To handle this, you must combine Kafka Streams with the patterns we discussed earlier:
* Idempotent External System: Make the external API or database update idempotent (e.g., use INSERT ... ON CONFLICT DO UPDATE in PostgreSQL).
* Transactional Outbox Sink: Instead of writing directly to the external system, the Streams processor writes to an "outbox" topic in Kafka. A separate, transaction-aware Kafka Connect sink connector (like the JDBC Sink Connector) can then consume from this topic and write to the database idempotently.
Zombie Fencing:
A subtle but critical problem in distributed stream processing is the "zombie instance." When a Kafka Streams instance is presumed dead due to a lost heartbeat, the consumer group rebalances, and its tasks are reassigned to another instance. However, the original instance might not be dead—it could be suffering from a long GC pause. When it wakes up, it's now a zombie: it's no longer part of the group but might try to commit a transaction based on stale information. EOS V2 helps prevent this by fencing out zombie producers. Each producer instance gets an "epoch," which is incremented on rebalance. The broker will reject transactional requests from a producer with an old epoch, effectively fencing it off.
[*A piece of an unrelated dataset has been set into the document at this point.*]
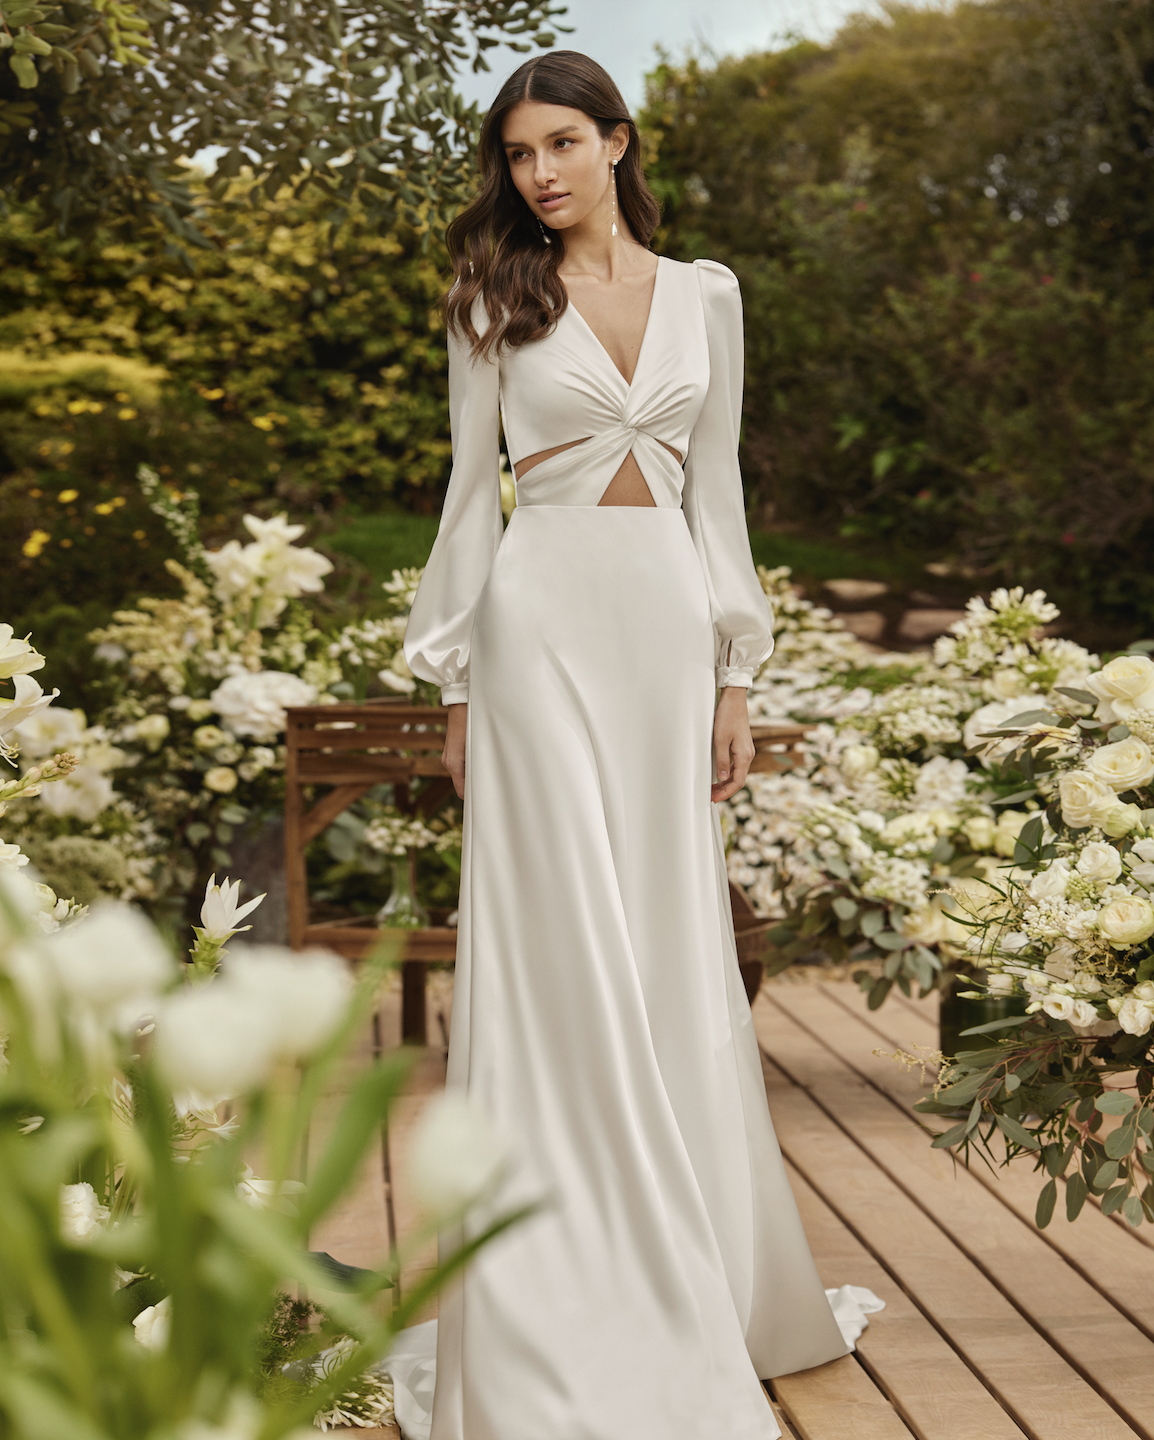 Shapewear Solutions for your Picture Perfect Wedding Day - Wedding Journal

Conclusion: A Decision Framework for EOS
There is no one-size-fits-all solution for exactly-once semantics. The correct pattern depends entirely on your system's architecture and requirements. Here's a decision framework:
| Scenario | Primary Pattern | Key Considerations |
|---|---|---|
| Simple, stateless message production (e.g., logging, metrics) | Idempotent Producer (enable.idempotence=true) | Low overhead, easy to enable. Protects against network-level duplicates. Should be your default for all producers. |
| Atomically updating a database AND publishing an event | Transactional Outbox Pattern (with CDC/Debezium for the relay) | The gold standard for atomicity between your primary data store and Kafka. Adds complexity (outbox table, relay process) but provides the strongest guarantee. |
| Consuming events and performing business logic with external side effects | Idempotent Receiver (using a persistent store for event IDs) | The consumer takes full responsibility for idempotency. Adds latency for the duplicate check. The atomicity of the business logic and the idempotency key write is critical. |
| Pure Kafka-to-Kafka stream processing (e.g., ETL, enrichment, aggregation) | Kafka Streams with EOS (processing.guarantee=exactly_once_v2) | The simplest and most efficient solution when all I/O stays within Kafka. Handles failures, retries, and rebalances transparently. |
| Kafka Streams with external database writes | Kafka Streams (EOS) + Transactional Outbox Sink or Idempotent writes to the external system | Combines the power of Streams EOS with patterns for handling external side effects. The sink connector or the external service must be designed for idempotency. |
Achieving true end-to-end exactly-once semantics is a testament to rigorous engineering. It requires a deep understanding of your tools, a careful analysis of failure modes, and a deliberate choice of patterns that balance correctness, performance, and operational complexity. By mastering these advanced techniques, you can build event-driven systems that are not just scalable and fast, but also resilient and correct.